В общем, Франц Марк, как мы видим, был и сам в курсе, что его непризнание визуального в таком визуальном медиуме, как живопись, было глубоко связано с тем, как Христос исцелял человеческие тела с целью достучаться до их сердец — хотя понимают это и редко.
Короче говоря, Марк, видимо, испытывал едва ли не извращенное наслаждение, используя такой безусловно визуальный медиум, каким является живопись, — а в ней человек прямо смотрит глазами на изображенное на холсте, — чтобы вытолкнуть нас за пределы, по ту сторону зримого вообще. На обвинение в извращенчестве Франц Марк бы, пожалуй, ответил примерно так: «А какой у меня есть выбор?» В целом такой же ответ мог бы дать и Христос, случись кому-нибудь спросить у него, зачем он творил все эти так называемые чудеса, — ведь чудеса лишь отвлекали людей от того, что он хотел показать им в действительности. В тех, кто встречался ему на пути, Христос пытался вызвать geistig перемену — и чаще всего в балаган втягивались еще и зеваки. Но зачем тогда весь этот балаган вообще устраивать?

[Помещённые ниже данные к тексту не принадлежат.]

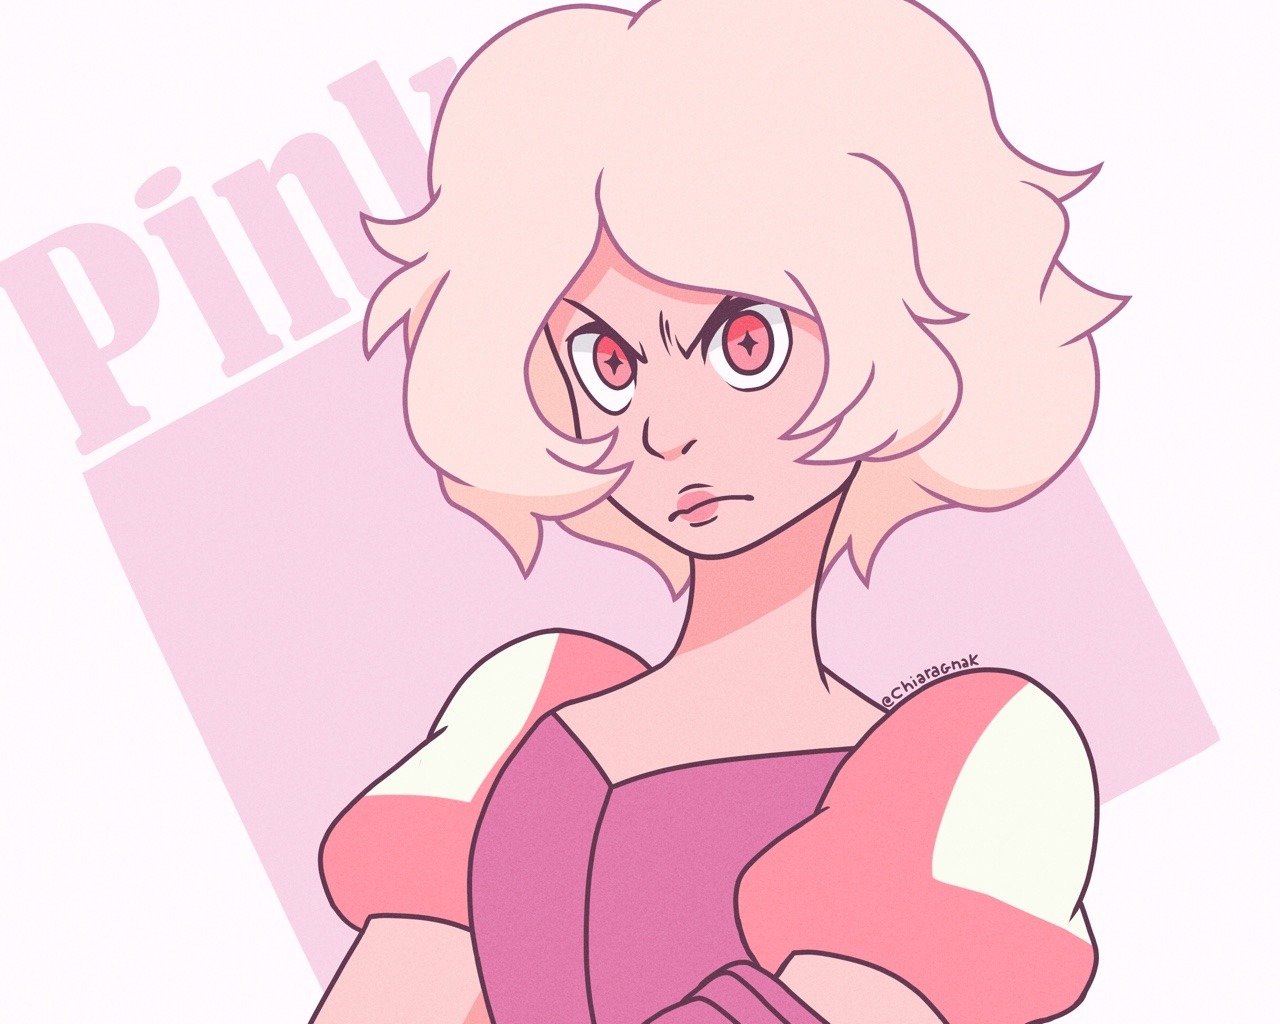 Pink diamond, aka the little brat (jk)

На сей резонный вопрос Иисус, почитаемый за Христа, не мог ответить иного, кроме: «У меня не было выбора — вот зачем». «Меня, — говорит Иисус, — окружают физические тела, живые человеческие существа. Я говорю с ними — слова мои влетают им в уши. Я прикасаюсь к ним — мои руки ложатся на их тела. Как иначе прикажете мне проникать в них? — мог бы поинтересоваться Иисус. — Да и что они, по сути, такое — эти живые существа, которые нас окружают? Разве не существа они из плоти и крови, у которых есть уши, глаза, языки и руки? Разве не существа они, которые вкушают пищу и говорят, справляют нужду, ложатся друг с другом и умирают?» С этим Д. Г. Лоуренс охотно бы согласился. В этом важнейшем духовном вопросе Д. Г. Лоуренс, Франц Марк и Христос Иисус были бы в полном между собой согласии.
Но нельзя полагать физическое самоценным, сказал бы Иисус, и здесь Д. Г. Лоуренс от этого гражданина с его идеей мог бы отмежеваться (и отмежевывался). А вот Франц Марк согласился бы (и соглашался). Марк продолжал внимать. В этом иисусовом ощущении Марк расслышал то самое, что сердце говорило ему про живопись и про то, что живопись может и обязана делать. Будучи чем-то физическим — мазками красок на плоской поверхности — живопись с ее очевидной материальностью и поверхностностью (хотя это странно и контринтуитивно) есть идеальный медиум для передачи духовных истин — она уводит нас по ту сторону видимого глазами в их слепоте и приводит к тому, что видит Geist, настроенный на незримое вместо зримого.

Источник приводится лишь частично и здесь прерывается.